There is potential danger with 2 karabiners together because lower karabiner makes upper karabiner’s gate open by spin of quickdarw. When you do sport climbing on many bolted route that habit is not very dangerous but during trad climbing you should not make it unless you make protections every 3m.
Um…. it is not easy work to explain my opinion in English.
Happy climbing!
mil-mil
10-22-2007, 07:32 PM
it's unsafe because the force of the fall is graded on a rope hitting into the carabiner not another carabiner. metal on metal can snap. rope is soft and there for will not harm the carabiner during a fall. another carabiner hitting a carabiner has a high potential to bend if not break.
skinsk
10-22-2007, 09:49 PM
falls are rated in weight units (kilos or pounds) of force (mass X acceleration)-- not what material makes the force. . . as mentioned earlier, bolts, hangers (which have a strength rating comparable to biners. . . but are much more suceptible to corrosion), the thin wires that hold chocks and small hexes. . . are all examples of metal designed to be clipped or linked to metal.
the danger in clipping carabiners together as described in the original post, is that the hard metal on one biner could push the gate open. . . (of course, it has happened that rope, particularly backclipped, has opened a gate and come out-- more frequent, but probably because backclipping is more frequent). . . caribiners designed for climbing hold over 20kN or more than 2000kg of force . . but if the gate opens and they disconnect or if the rope comes out, that doesn't really matter. thus, metal on metal with bent gate or wire gates would pose a slightly bigger danger. . . better not to, but backclipping, not wearing a helmet, taking break hands off the belay are all much more dangerous and result in many actual (as opposed to theoretical) accidents.
shanja
10-23-2007, 12:59 PM
Actually I would say if you really had to clip two crabs together (admitting this is definitely not an ideal practice) you would probably be far better clipping wiregates together. The wires have MUCH GREATER tensile strength than solid gates (because they can stretch and bend without snapping, much like a dynamic rope versus a static rope) and are MUCH LESS prone to gate flutter. I don't think any offense to our Korean hosts was intended in the original post, we all make silly slips of the tongue/ keyboard. Let's just all try and avoid the unfortuneate foreigner habit (I've been guitly here too!) of unconsciously or unwarrantedly attaching "Korean" to criticisms.

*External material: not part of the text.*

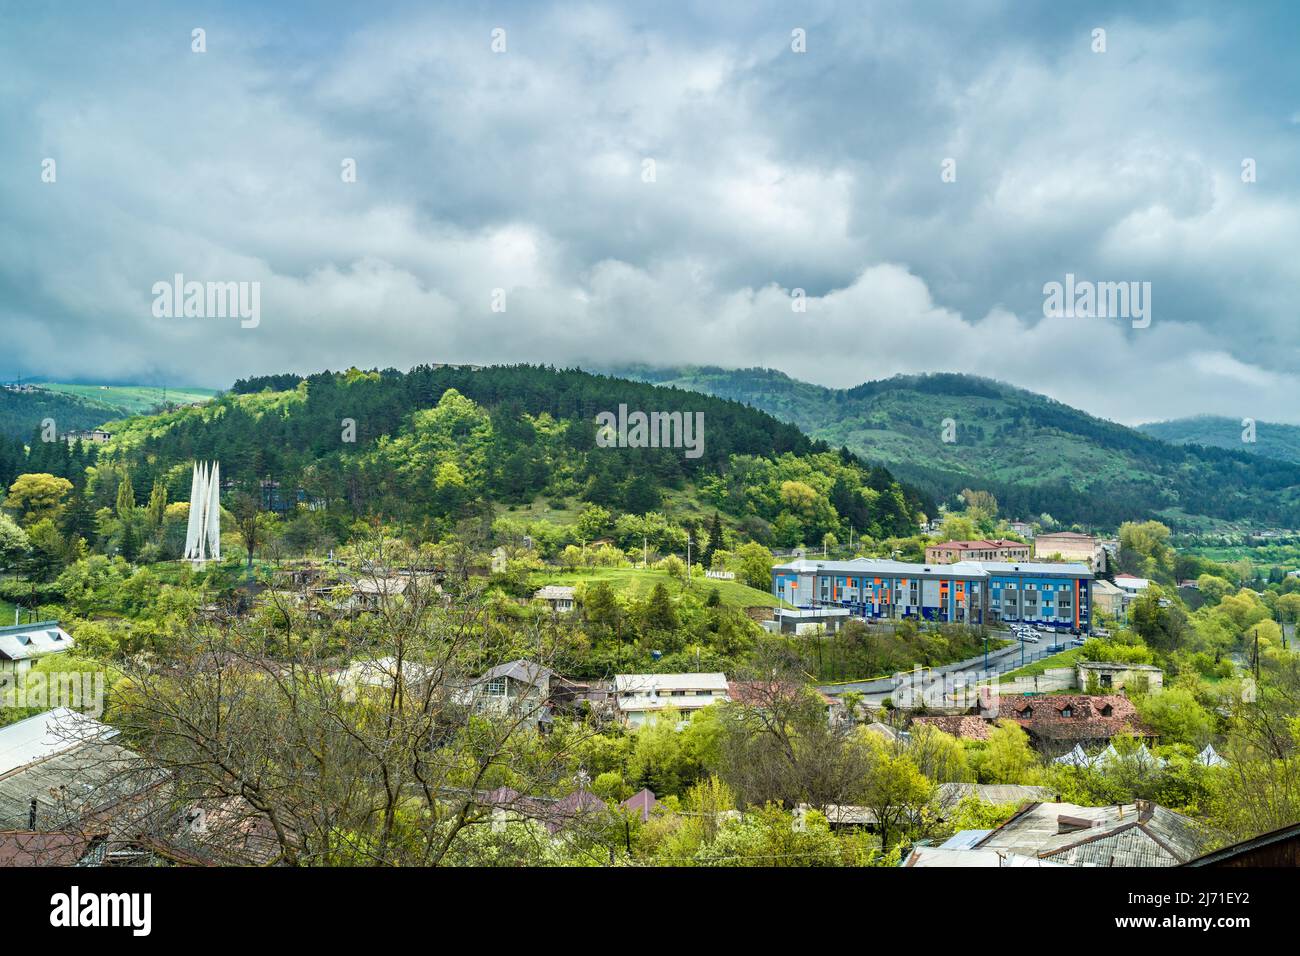 Dilijan, Armenia - May 5, 2022 - Clouds moving across the mountains near the city of Dilijan in Armenia Stock Photo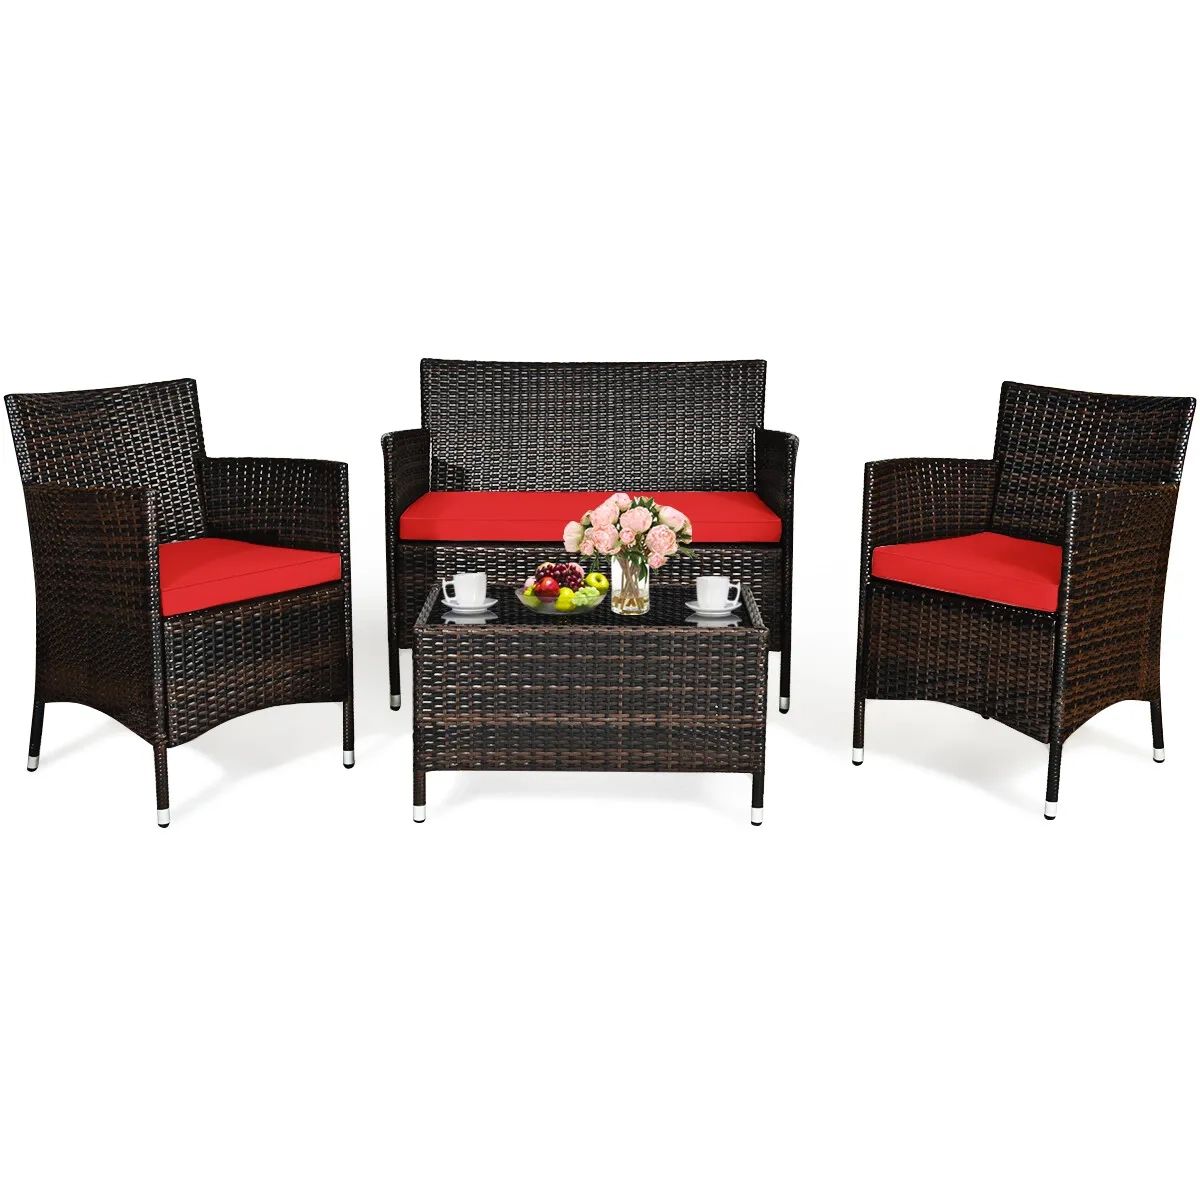 4pcs Rattan Patio Furniture Set Cushioned Sofa Chair Coffee Table Red | Ebay In 4pcs Rattan Patio Coffee Tables (View 7 of 15)

The key point still stands nonetheless. IF IT IS A HABIT by anyone, it is dangerous.
skinsk
10-24-2007, 09:43 AM
I guess what I meant was, since the danger in clipping biner to biner isn't one biner snapping (on a sport route, even cross-loaded!) nor is it the gate flutter letting the rope out (as would be the case with back-clipping) but rather the hard metal pushing the gate open (the same way a person does when clipping), wires open easily . . . no doubt they can be safer for normal sport use as the gates don't flutter.
Not extending draws on "crooked" routes, by the way, which occurs not infrequently, leads to way more injuries and rope issues!